Found Space

One woman's journey from a 9-5 grind to creating what she loves full-time

Janell Langford and I will make one thing clear at the beginning of this week's column: Santa Fe is a space for black women, the art world as a whole is a space for black women and black women will be seen and celebrated.

This is the premise behind Langford's fashion and design line Obsidiopolis, which launched in 2017 and recently partnered with Meow Wolf to help distribute clothing and print designs. Originally from Birmingham, Alabama, Langford first moved to Seattle and was studying graphic design, where things felt off.

"I wasn't observing the aesthetic most inspiring to me, which is black women," she tells SFR. "I think especially a lot of black and brown people can relate to this—you go off to school, or it's just where you live, the option to move to a more -diverse area isn't something that's on the table, and we find ourselves, kind of in a funk … and so for me, if I don't see what I want to see around me, it's my job to -create. I'm a creator."

After completing her program, she was grinding away at a 9-5 in production design, and "it was not a creative job at all," she says. She would go home at night to draw and to create her new world.

"With our generation, we value doing something that we actually love, we don't just want to be stuck in a rut," Langford says.

So what is Obsidiopolis?

"It's a through-the-looking-glass utopia world inhabited by women of color and it's a vision that is unapologetically femme, and black, and urban, and pop and fashionable," Langford explains.

In a recent presser, Meow Wolf -described it as a "design universe" which manifests in various media, including sweaters, cards, posters, photography and (the manifestation this author is most looking forward to) a comic book, slated for release in March. Langford tries to stay tight-lipped, but she's in love with her work and I'm curious about what she plans for the longer format, so she spills some deets.

Her designs are eminently pleasing to view, a mix of pop art and surrealism and soft explosions of color.

"I intentionally chose bright colors -because I want people to feel positive vibes when they look at my work," she says.

Langford paused carefully before choosing to say "positive vibes," and it's not a cheap New Age-y sentiment. Each illustration is a moment in reality, expressed through Langford's particular eye toward unique patterns, textures and forms.

"I'm definitely inspired by … Kerry James Marshall … when you look at his work, you felt the experience of that person, he took you to an era or a place in time … and honestly I just kind of see these -images, [they] pop into my head and I need to release them out into the world."

A lifelong illustrator, Langford -recounts an early example of creating black woman-led spaces in her own family, when her nieces saw her drawing a character with an afro.

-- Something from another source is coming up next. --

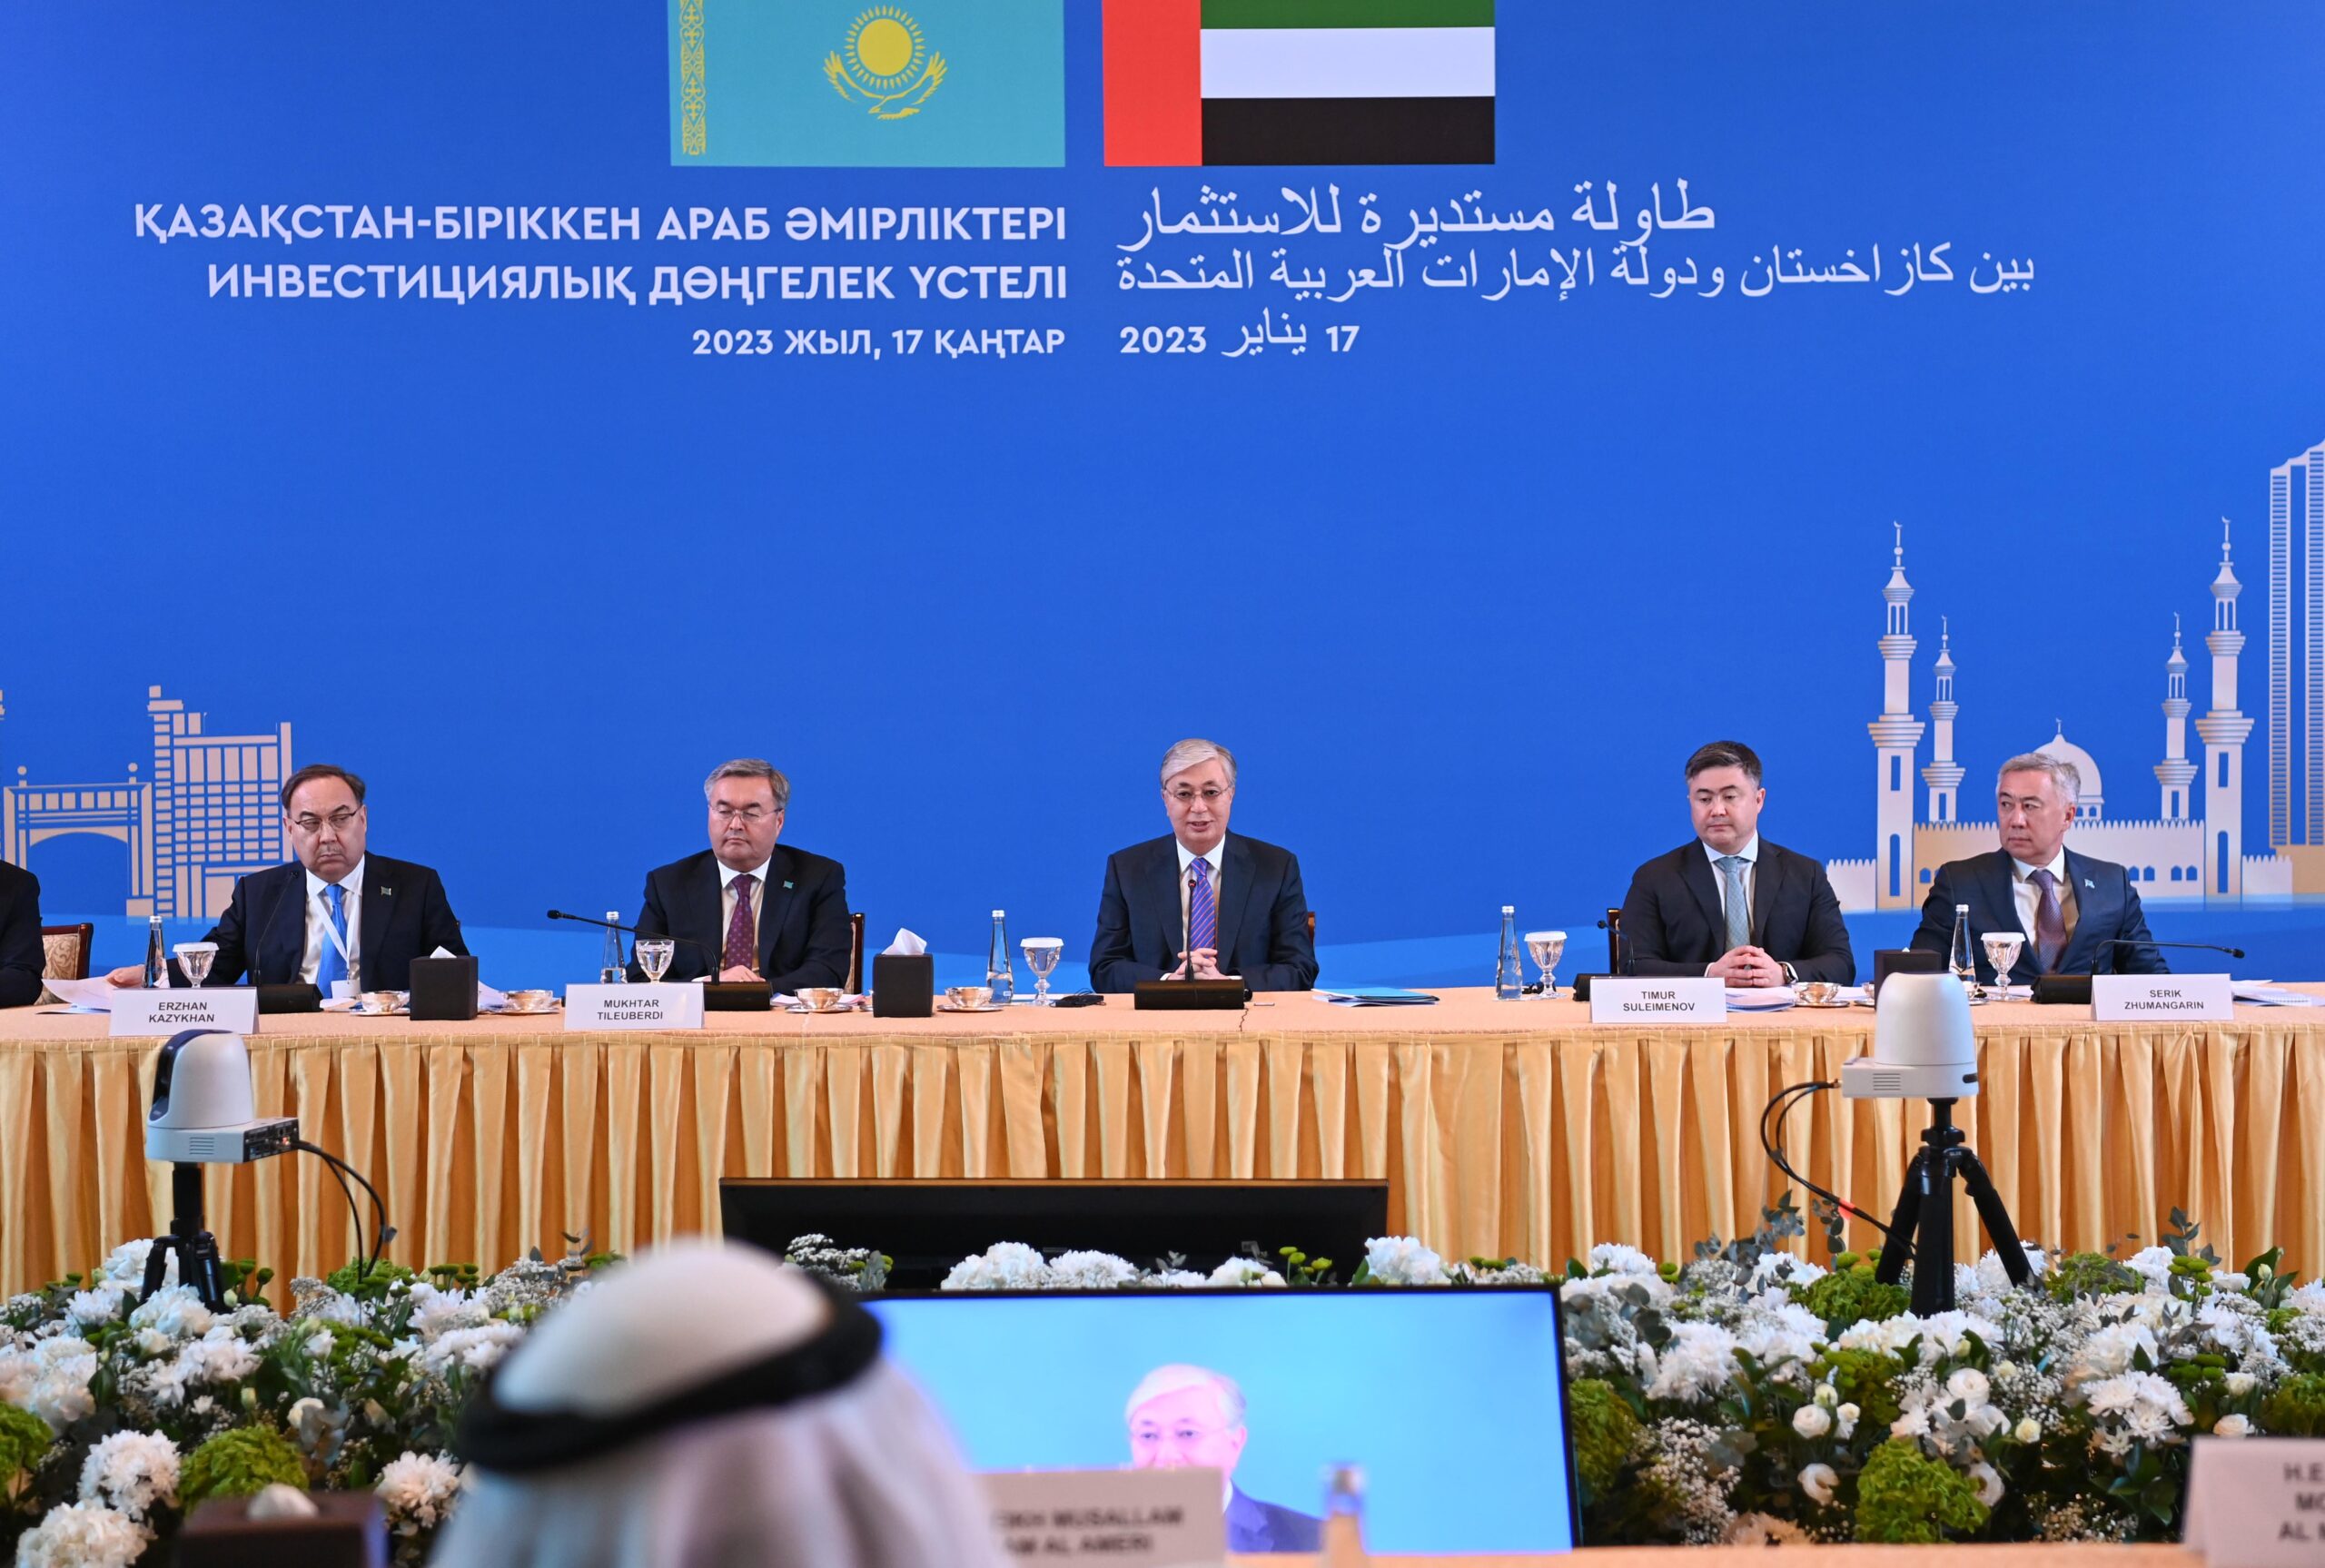 Токаев обозначил перспективные направления сотрудничества на казахстанско-эмиратском инвестиционном круглом столе - Bizmedia.kz

"One of my nieces said, 'why don't you draw them to look like this … white woman?' I didn't have the language at the time, but I remember being really sad. I wanted to draw people that I found to be the most beautiful, and my black niece is looking at this image of a white woman, and thinking that is the translation of what beauty should be and what I should be drawing."

These days, the nieces are in high school, and "They love [my art]," Langford says. "They were very young" when that incident happened, but they also weren't seeing enough art from creative black women like Langford being centered and allowed the space it deserves.

Now, that's changing with a little support from Meow Wolf. Langford has worked with the arts corporation before, most notably on the mural "Player One" in the arcade at the House of Eternal Return. It brought her on to produce her comic book, and then offered her full-time work under the Obsidiopolis line.

"The collaboration is all about helping me and giving me more resources. Helping elevate what I'm trying to say. My goal with Obsidiopolis … is about seeing underrepresented voices—women, LGBTQIA, black and brown people—and Meow Wolf knows that. That's why they hired me in the first place," Langford says.

Such support will come in the form of greater production and distribution -capabilities, plus help handling the business aspects of being an artist.

Oh, and that comic book coming in March?

"There's actually gonna be, for real, black girl magic," Langford says.

Think a colorful planet made of obsidian, a confident, mysterious pop star and maybe even "sort of an avatar of myself," Langford hints. For now, find her designs in the Meow Wolf shop or online.